The Romney camp seems poised to capitalize on the revolving buffet of anti-Romney narratives.

“The president and his supporters are so desperate to avoid a discussion about his economic record … that they’re throwing every dishonest attack they can think of,” Romney spokesman Ryan Williams told The Daily Caller.

Williams argued that those quick-shifting attacks “are backfiring and embarrassing the president.”

Romney’s campaign and supporters portray him as a decisive leader whose careers in business and government have readied him to help revitalize the nation’s stalled economy.
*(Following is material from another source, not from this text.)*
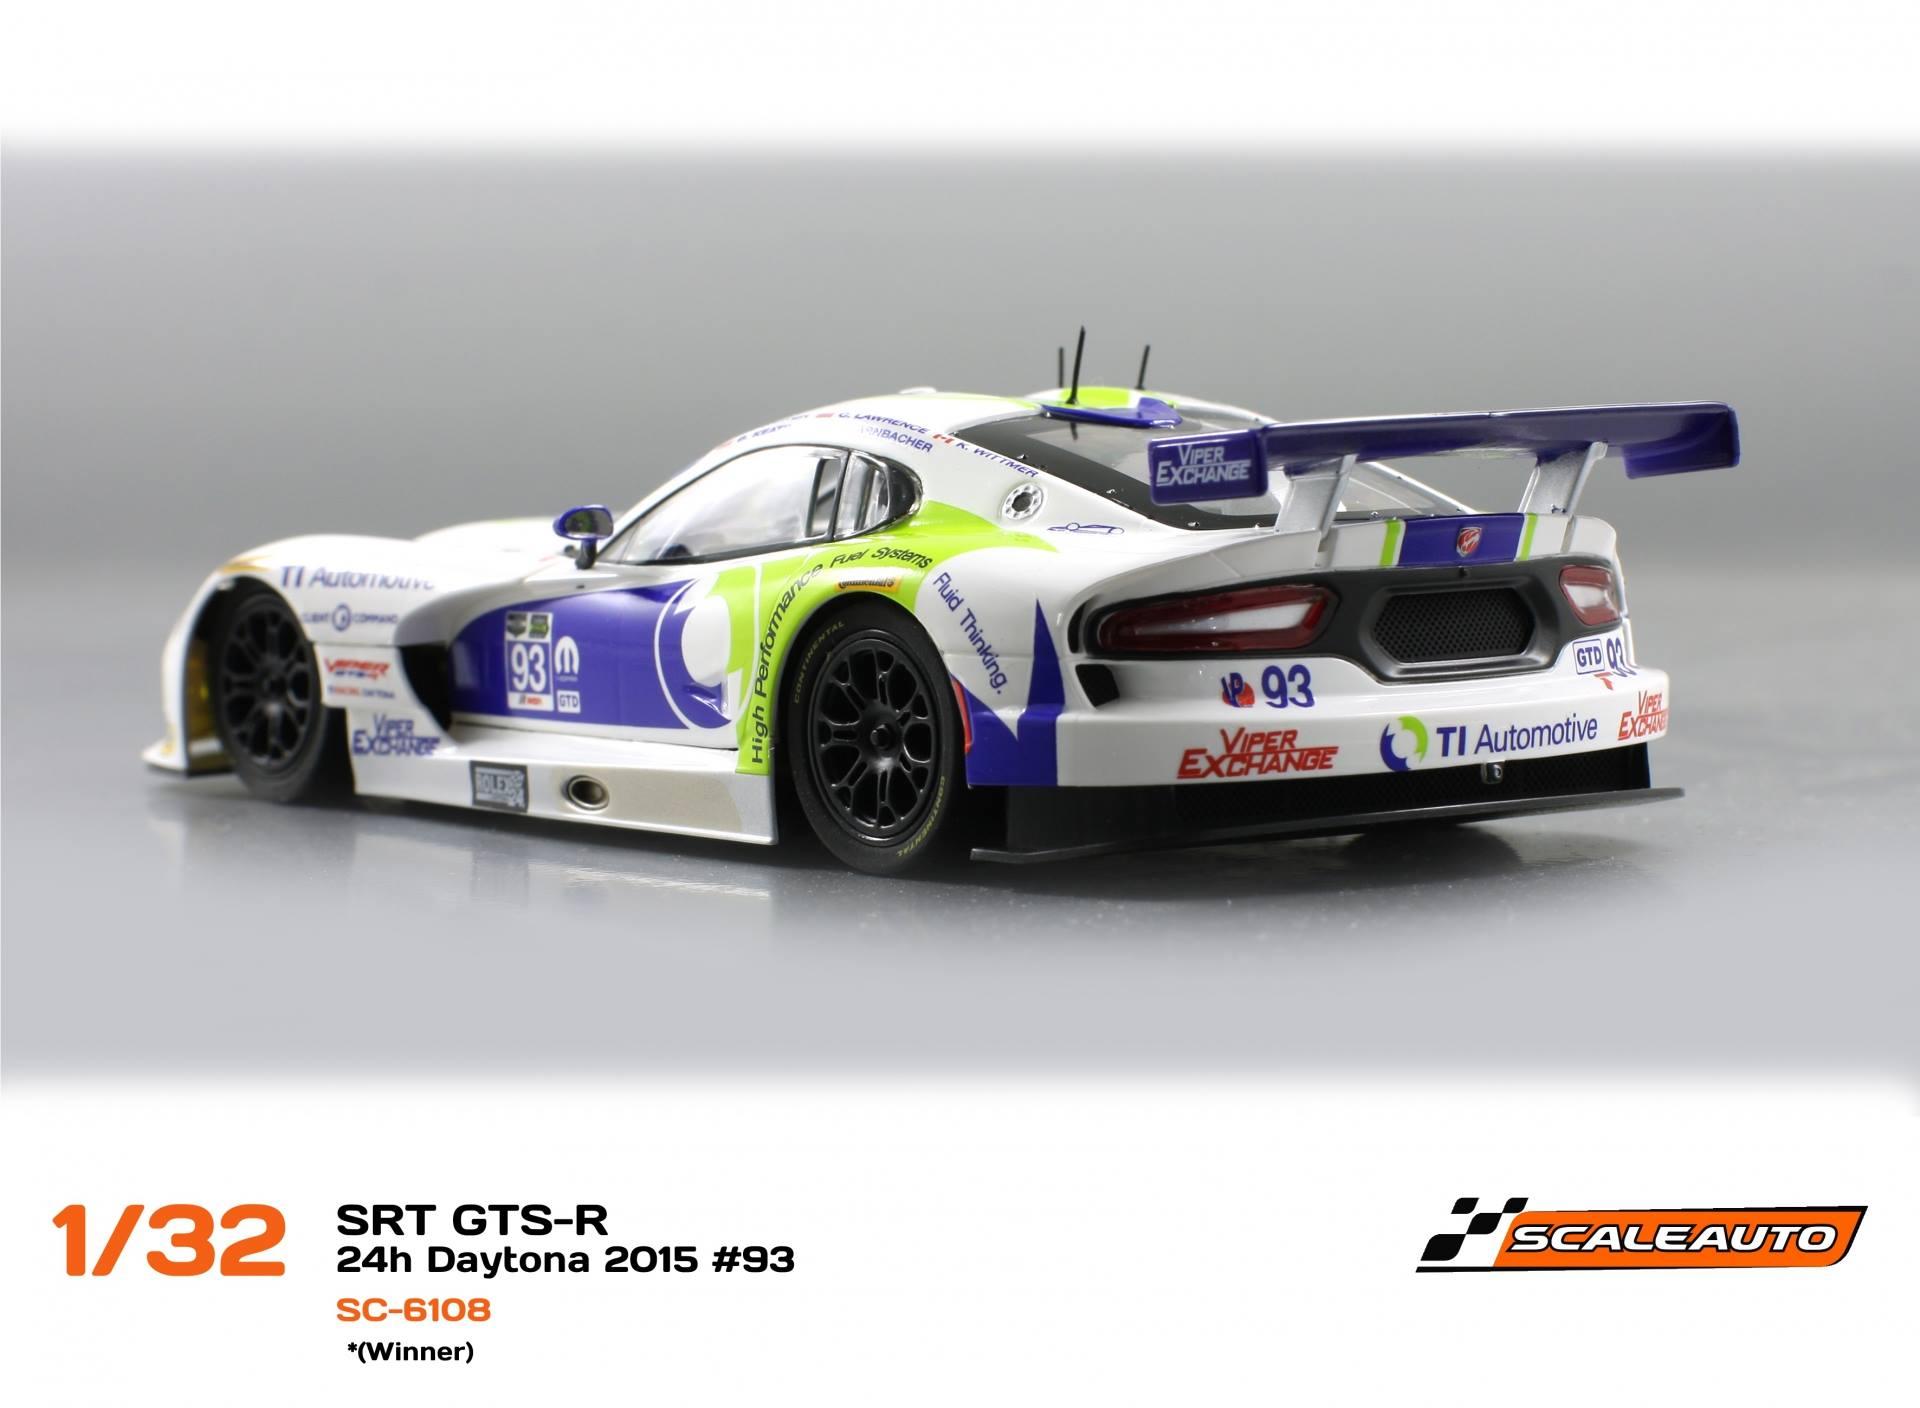 1/32 SRT Viper GTS-R 24H Daytona 2015 #93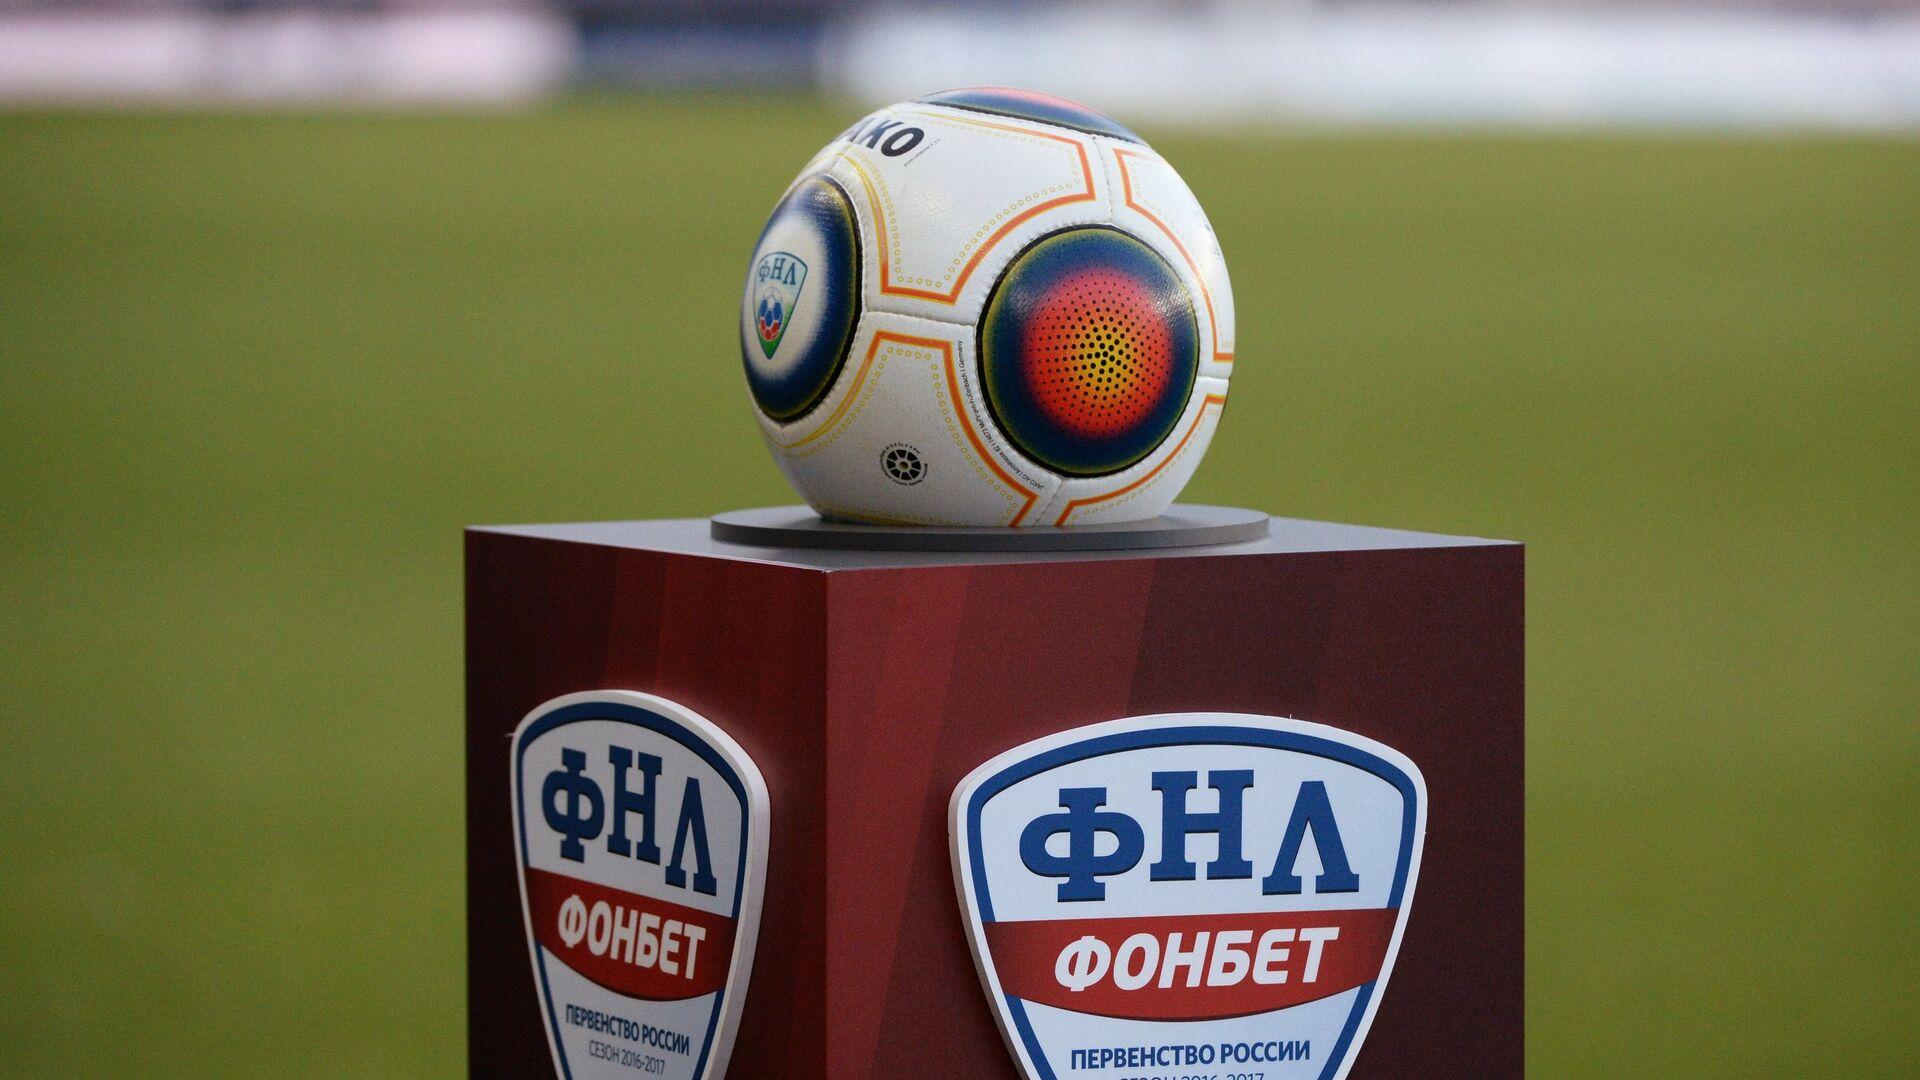 Официальный мяч Футбольной Национальной лиги - РИА Новости, 1920, 08.12.2020

They’re having some success: A number of polls show Romney outpacing Obama’s sub-50 percent rating in many swing states.

The “hostage Mitt” frame suggested by Joe Solmonese is not unique: It matches a May 21 portrayal of Romney by Richard Cohen, a Washington Post columnist.

The likely GOP presidential candidates, Cohen wrote, “has been clay in the hands of the political right, and this will not change. … Weakness is his one consistency.”

There’s little evidence to support that assessment, however, partly because Romney won the GOP nomination by barraging his more socially conservative opponents with negative ads.

At the time, Democrats described Romney’s aggressive strategy as evidence that he was extreme, ruthless and insincere — not that he was a hostage to conservatives.

“The more voters learn about Romney’s extreme, out-of-touch positions, the less they like him or trust him to lead,” Democratic National Committee Chairwoman Debbie Wasserman Schultz said on Jan. 31. “Romney will say anything, take any position, and will distort any fact about his or his opponents’ record to win.”

The “hostage Mitt” attack also clashes with conservatives’ cautious support for Romney.

They’re cautious because many libertarians and social conservatives suspect that Romney is really a government-growing progressive technocrat, despite his socially conservative personal life and statements.

That ideological suspicion has prompted many conservatives to call for continued pressure on Romney, especially if he wins the November election.

Democrats’ allegations that extremists on the right would hold a Romney presidency hostage, however, are supported by at least one prominent GOP figure: Fred Karger, a gay Republican who is on the presidential primary ballots in California and Utah.

By backing a constitutional amendment to define marriage as a one woman, one man institution, Karger told TheDC, Romney “capitulates” and “caves into pressure from the far right.”

Romney’s marriage policy, though, is mainstream and has already been bolstered by ballot victories in 30 states, including a decisive victory this month in North Carolina.

Karger has released a video portraying Romney as Pee Wee Herman — a high-voiced weakling from a 1980s kids’ show — and calling him “weak and indecisive.”

The video focused on Romney’s inaction when Richard Grenell, an outspoken advocate of single-sex marriage, stepped back from a job with Romney’s campaign amid criticism from social conservatives.  The video questioned how Romney would have the courage to stand up to foreign despots if he did not fight back against criticism from inside his own party.